0
votes

I have large table in CloudSQL that needs to be updated every hour, and I'm considering Airflow as a potential solution. What is the best way to update a large amount of data in a CloudSQL database from Airflow?

The constrain are:

  1. The table need still be readable while the job is running

  2. The table need to be writable in case one of the job runs overtime and 2 jobs end up running at the same time

Some of the ideas I have:

  1. Load data needs to update into a pandas framework and run pd.to_sql

  2. Load data into a csv in Cloud Storage and execute LOAD DATA LOCAL INFILE

  3. Load data in memory, break it into chunks, and run a multi-thread process that each update the table chunk by chunk using a shared connection pool to prevent exhausting connection limits

3

3 Answers

1
votes

One clue for your reference based on postgresql partition table but need some DML operation define the partitioned table.

Currently, you main constrains are:

  1. the table need still be readable while the job is running

It means no lock allowed.

  1. the table need to be writable in case one of the job runs overtime and 2 jobs end up running at the same time

it should capable with multiple writing in sample time.

I add one things for you may considered as well:

  1. reasonable read performance while writing. ** performance and user experience is key

Partition table could reach all requirements. It is transparence to client applicationi.

At present, you are doing ETL, soon will facing performance issue as the table size gain quickly. The partitioned table is only solution.

The main steps are:

  1. Create partition table with partition list.

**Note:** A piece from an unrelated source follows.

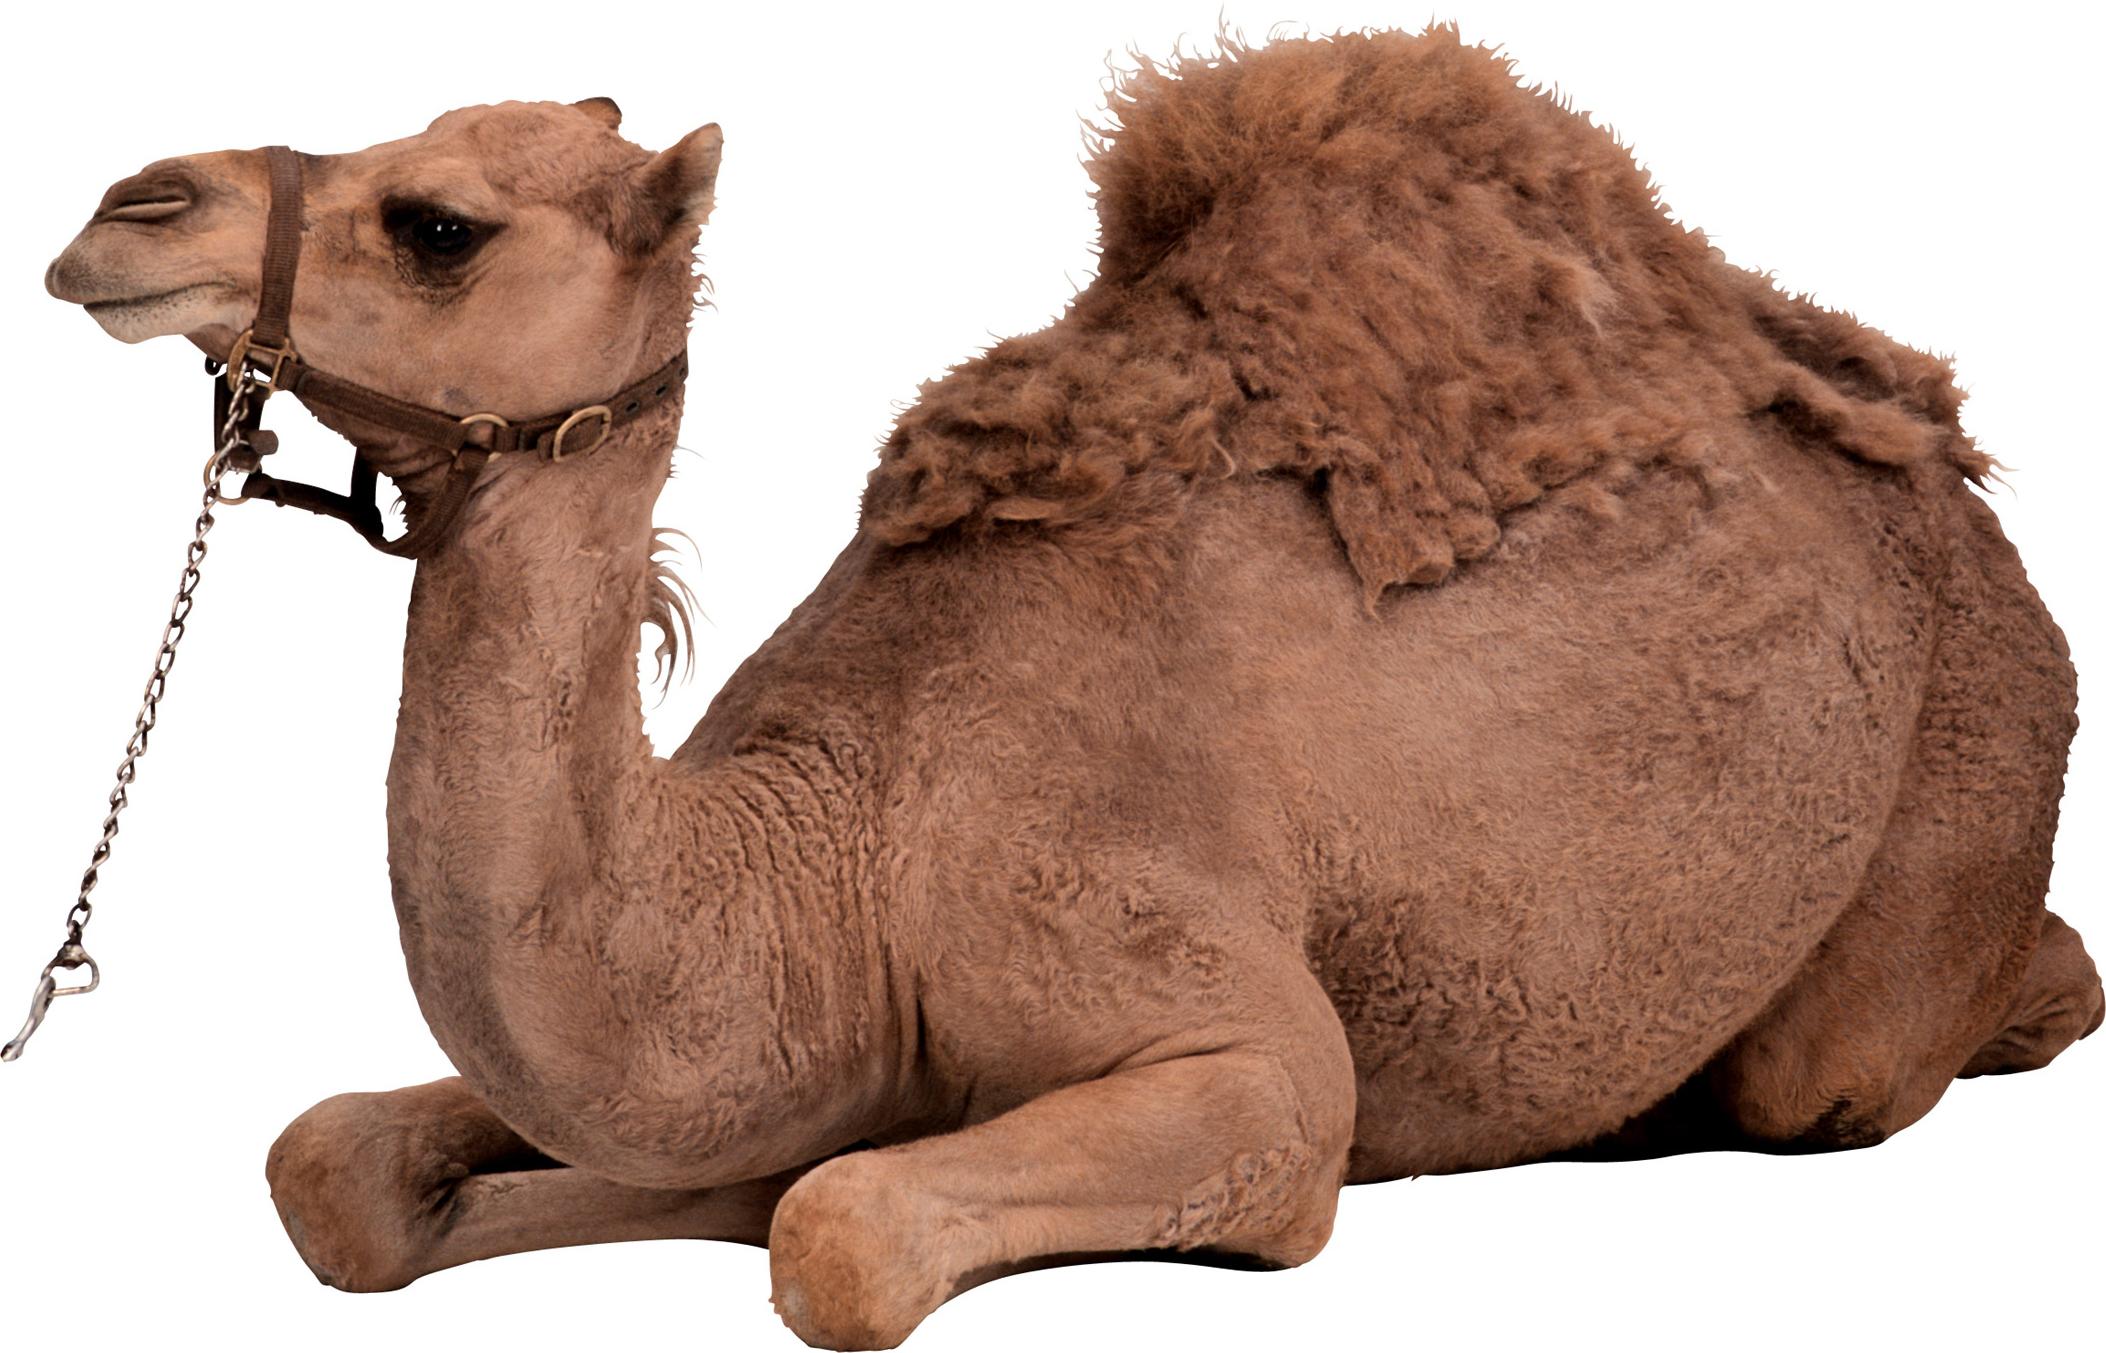 Camel Transparent PNG Image | Web Icons PNG

  2. normal reading and writing to the table running as usual.

  3. ETL process(could be in parallel):

    -. ETL data and uploaded to new table. (very slow, minutes to hours. but no impact to main table)

    -. Add the new table to the main table partition list. (super fast, micro seconds level to enable main table)

  4. normal main table reading and write as usual with new data.

If you like the answer, pls vote it up.

Best Regards, WY

0
votes

My recent airflow related ETL project could be a reference for you.

  • Input DB: LargeDB (billion row level Oracle)
  • Interim DB: Mediam DB( tens of million level HD5 file)
  • Output DB: Mediam DB (tens of millsion level mysql )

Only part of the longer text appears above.